(Data Opens)

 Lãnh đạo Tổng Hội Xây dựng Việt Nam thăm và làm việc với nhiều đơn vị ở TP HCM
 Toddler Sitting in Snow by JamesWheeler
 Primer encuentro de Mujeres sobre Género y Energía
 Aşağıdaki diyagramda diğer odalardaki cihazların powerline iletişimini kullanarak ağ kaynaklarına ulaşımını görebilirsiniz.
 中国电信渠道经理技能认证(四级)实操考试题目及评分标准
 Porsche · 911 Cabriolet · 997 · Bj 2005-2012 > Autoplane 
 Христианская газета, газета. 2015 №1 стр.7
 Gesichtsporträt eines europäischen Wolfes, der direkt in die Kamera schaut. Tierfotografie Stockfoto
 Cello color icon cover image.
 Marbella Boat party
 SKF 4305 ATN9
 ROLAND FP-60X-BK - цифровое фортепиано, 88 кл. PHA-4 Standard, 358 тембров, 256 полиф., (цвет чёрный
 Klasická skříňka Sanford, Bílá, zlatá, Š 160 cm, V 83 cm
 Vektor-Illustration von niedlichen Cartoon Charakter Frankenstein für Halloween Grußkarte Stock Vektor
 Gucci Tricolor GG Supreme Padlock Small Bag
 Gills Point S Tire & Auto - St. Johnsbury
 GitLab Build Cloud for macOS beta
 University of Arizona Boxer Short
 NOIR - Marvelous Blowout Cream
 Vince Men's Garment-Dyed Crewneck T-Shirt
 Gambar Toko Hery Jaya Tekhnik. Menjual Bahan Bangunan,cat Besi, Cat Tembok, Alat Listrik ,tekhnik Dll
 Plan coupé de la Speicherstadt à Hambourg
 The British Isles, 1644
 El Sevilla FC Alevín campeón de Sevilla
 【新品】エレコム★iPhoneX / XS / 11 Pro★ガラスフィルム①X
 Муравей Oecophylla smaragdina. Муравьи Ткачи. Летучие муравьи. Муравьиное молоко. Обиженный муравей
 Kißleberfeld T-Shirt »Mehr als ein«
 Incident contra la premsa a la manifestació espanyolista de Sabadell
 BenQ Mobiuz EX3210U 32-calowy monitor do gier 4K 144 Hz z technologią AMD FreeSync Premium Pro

(Data Closes)

** Work to complete **
Taking the line containing "Plan coupé de la Speicherstadt à Hambourg" as the first, please return it and every line after it through the end of the entries, exactly and only those.

** Result below **
 Plan coupé de la Speicherstadt à Hambourg
 The British Isles, 1644
 El Sevilla FC Alevín campeón de Sevilla
 【新品】エレコム★iPhoneX / XS / 11 Pro★ガラスフィルム①X
 Муравей Oecophylla smaragdina. Муравьи Ткачи. Летучие муравьи. Муравьиное молоко. Обиженный муравей
 Kißleberfeld T-Shirt »Mehr als ein«
 Incident contra la premsa a la manifestació espanyolista de Sabadell
 BenQ Mobiuz EX3210U 32-calowy monitor do gier 4K 144 Hz z technologią AMD FreeSync Premium Pro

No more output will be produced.